= Lethbridge Curling Club =

Curling Club in Canada

The Lethbridge Curling Club is an historic curling club located in Lethbridge, Alberta.

The club is one of the oldest in Alberta, being founded in 1887. Back then, the club played on ponds and sloughs. A two-sheet club was set up in 1895 in the area of 4th St. and 1st Ave S. Until 1904, the club was affiliated with the Manitoba branch of the Royal Caledonian Curling Club. Alberta was not yet a province at the time. In 1910, the club was expanded to four sheets and moved to the corner of 13th St. and 4th Ave.
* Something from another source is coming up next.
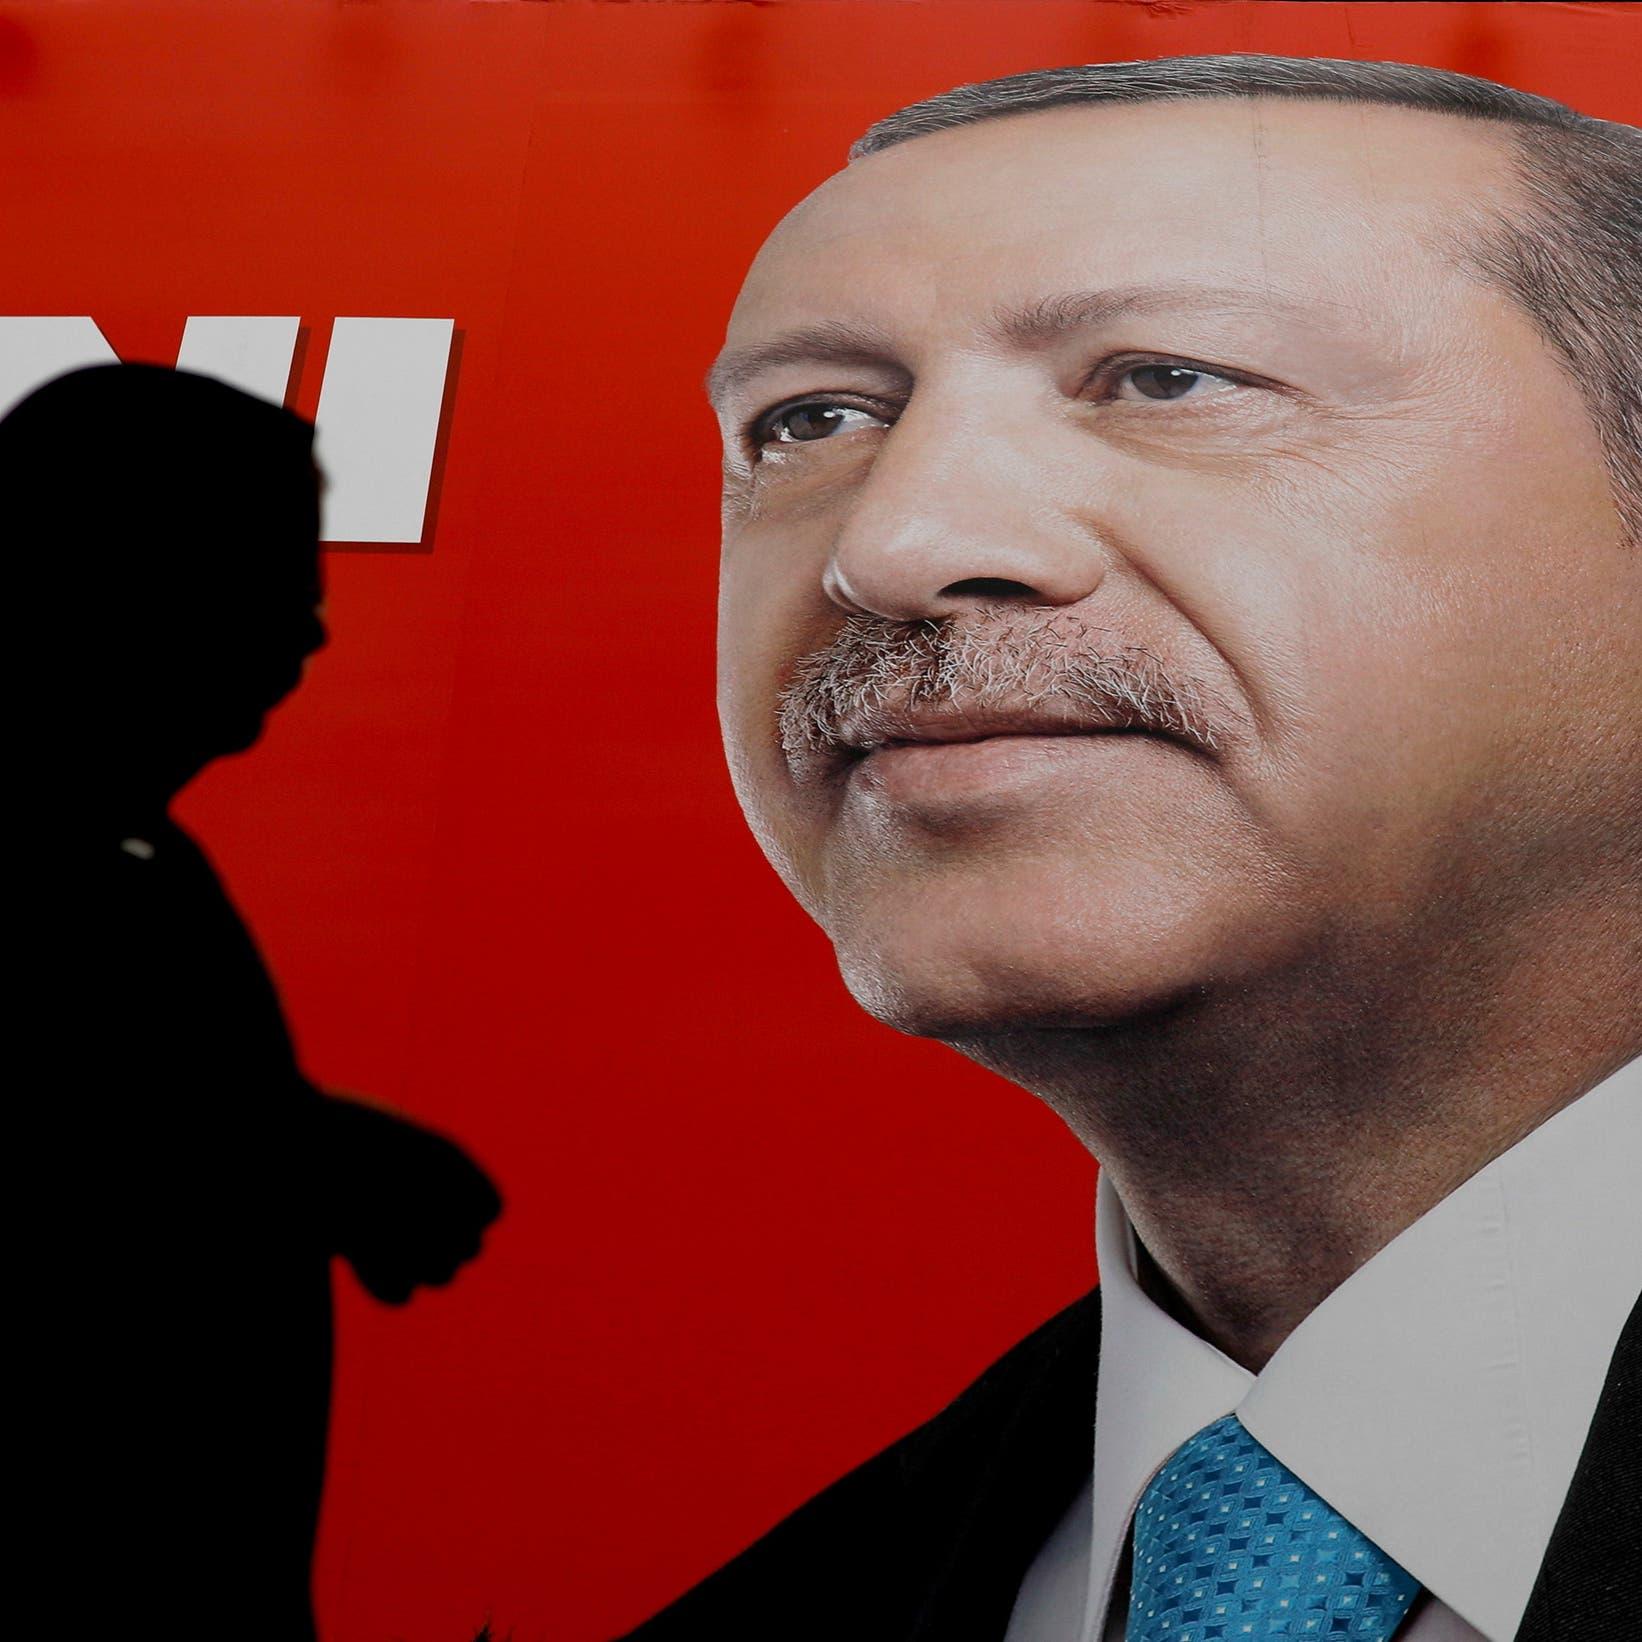 أردوغان يلجأ إلى التعاونيات للسيطرة على تضخم في الأسعار يهدد شعبيته

S. The Club moved to The Civic Ice Centre, which is home to the Lethbridge Figure Skating Club in 1950 where it operated until moving to its new home in 2016.
The club currently resides at the ATB Centre at 74 Mauretania Road West and has 10 sheets, among the largest in Canada.
The club is home to three provincial women's teams, one of which won the Canadian championship. Myrna McQuarrie's rink won the provincial and Canadian national championship in 1977. She won another provincial title in 1979. Barbara Davis won the provincial championship in 1980. Skip Nanette Dupont won the 2010 Dominion Curling Club Championships for the club. Dupont won again at the 2019 Canadian Curling Club Championships. The club is also home to the 2008 World Senior Curling Championships winning team.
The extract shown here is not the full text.